WC performance for the US and Europe, 2002-11
The results for 2011 bring the total reduction in C2C achieved since 2002 to 16% for both the US and Europe
Relative to 2010, WC performance has improved in the US, with C2C dropping by 3%, but stalled in Europe, where C2C has remained unchanged.
For the US, these headline results show an accelerated improvement in WC performance compared with 2010, when C2C fell by 2%. For Europe, this year’s stability in C2C sharply contrasts with the drop of 4% reported in the prior year.
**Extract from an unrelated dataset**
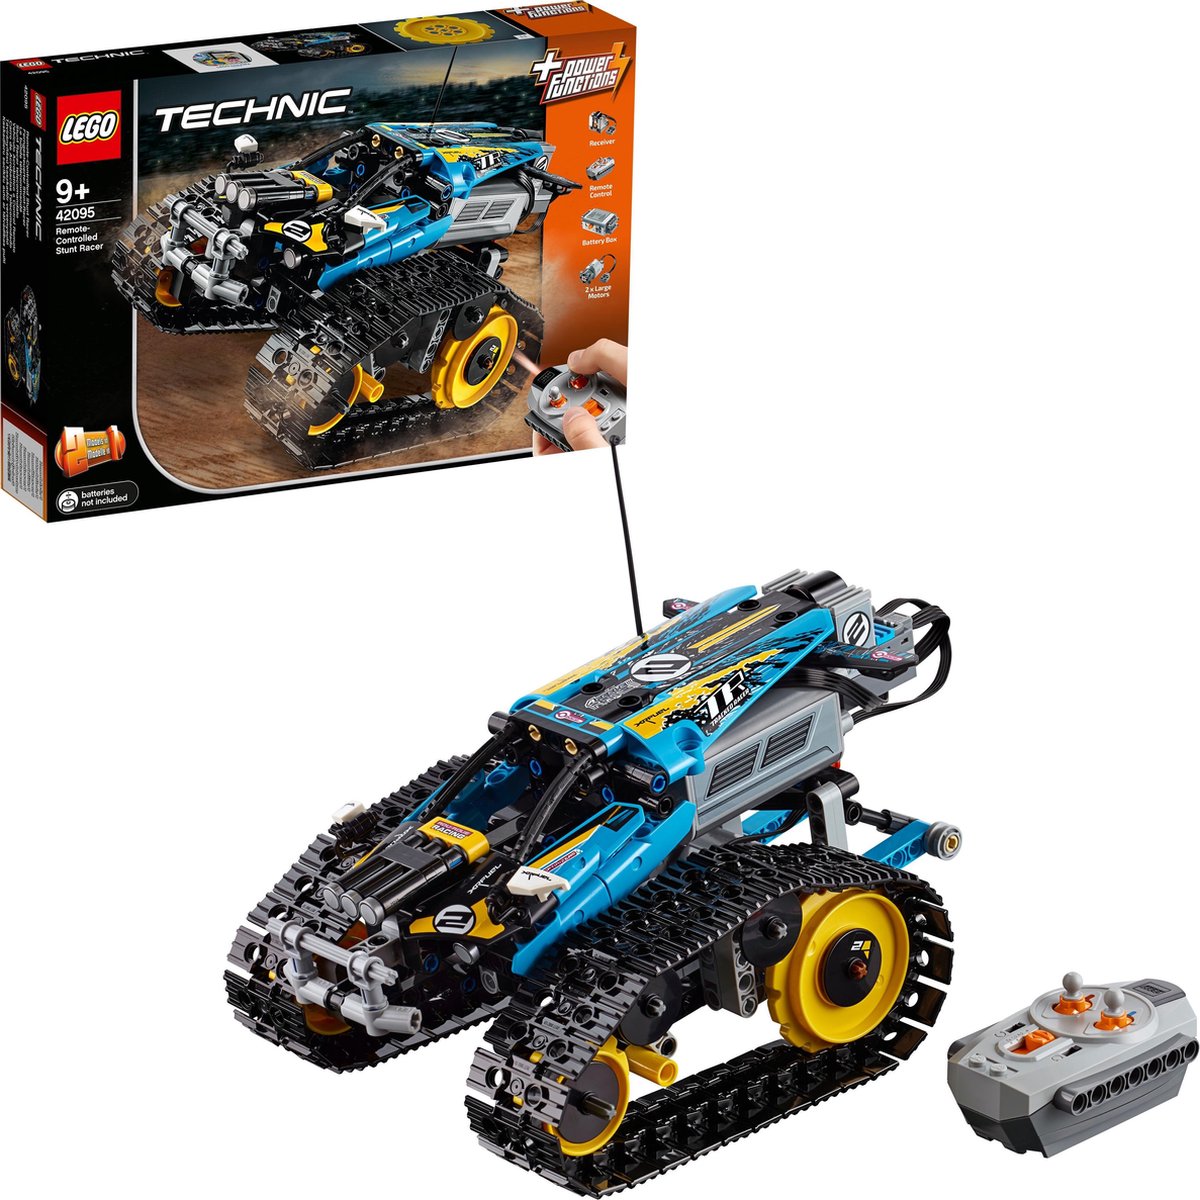 LEGO Technic RC Stunt Racer - 42095

For the US, the overall improvement in C2C performance in 2011 arose from a combined reduction in receivables and inventories (Days sales outstanding - DSO and Days inventory outstanding - DIO down 3% and 2%, respectively) which was partly offset by lower payables (Days payable outstanding - DPO down 3%). In Europe, receivables and payables were marginally down (DSO and DPO each down 1%), while inventory was slightly up.
WC performance drivers
Unusual quarterly sales patterns. Global sales in 2011 did not follow the usual seasonal trends. Growth was strong in the first half of the year, albeit disrupted in the second quarter by the impact on production and supply chain of the Japanese earthquake and tsunami.
The third quarter saw a rebound in production, but this was followed by a significant slowdown in the final months of the year as a result of macroeconomic concerns in Europe and floods in Thailand.
These large variations in sales and production put significant additional stresses on WC management and on supply chains in particular. Compared with 2010, overall sales grew by 12% in the US and 8% in Europe in 2011.
Continued focus on WC management. Against a backdrop of challenging market conditions, a high proportion of companies have continued to take rigorous steps to drive cash and cost out of WC. Many have reported ongoing or new initiatives in this area, especially with regard to billing and cash collection, spend consolidation, low-cost country sourcing, extension of payment terms, and supply chain efficiency.
Inventory adjustments in response to deteriorating market conditions. In the final months of 2011, many companies responded to the rapid deterioration in the global business outlook by aggressively reducing production to prevent inventory build-up. For the US, the net result of these actions was a year-on- year decrease of 3% in DIO, while in Europe, inventory performance deteriorated slightly.
Stronger receivables performance. The drop in DSO reflects not only the sequential decrease in sales, but also the continuing benefits of a strong focus on cash collection and billing across the board. Better sales prospects may have also given companies the confidence to win business without compromising on terms.
Weaker payables performance. The decrease in DPO was primarily caused by reduced production levels in the final months of 2011. In some cases, this drop was accentuated by lower spending due to the expectation of softer demand in the early months of 2012. However, there were some notable exceptions, with the automotive supply and machine manufacturing industries reporting higher spending to serve continuing strong demand.
Volatility in commodity prices. Changes in input costs have continued to exert a material impact on WC performance. Commodity cost inflation returned in the second half of 2010, peaking in the summer of 2011, before falling back in the final months of the year (with availability of some materials returning to normal). In contrast to 2010, softening primary raw material prices in the second part of 2011 helped lower inventory levels and payables balances at year-end.
Currency movements effect. In contrast to 2010, currency movements had a large impact on WC performance in 2011. For companies reporting in US dollars, the sudden appreciation of the dollar against other main currencies at the end of 2011, compared with its average during the year, had a beneficial impact on WC performance.WC performance for the
US and Europe, 2002-11
Conversely, for companies reporting in Euros, the relative softening of the euro against the US dollar at the end of 2011, compared with its average during the year, weighted negatively. For companies reporting in Swiss francs and in Norwegian kroner, the impact of currency movements was considerable.
The results for 2011 bring the total reduction in C2C achieved since 2002 to 16% for both the US and Europe.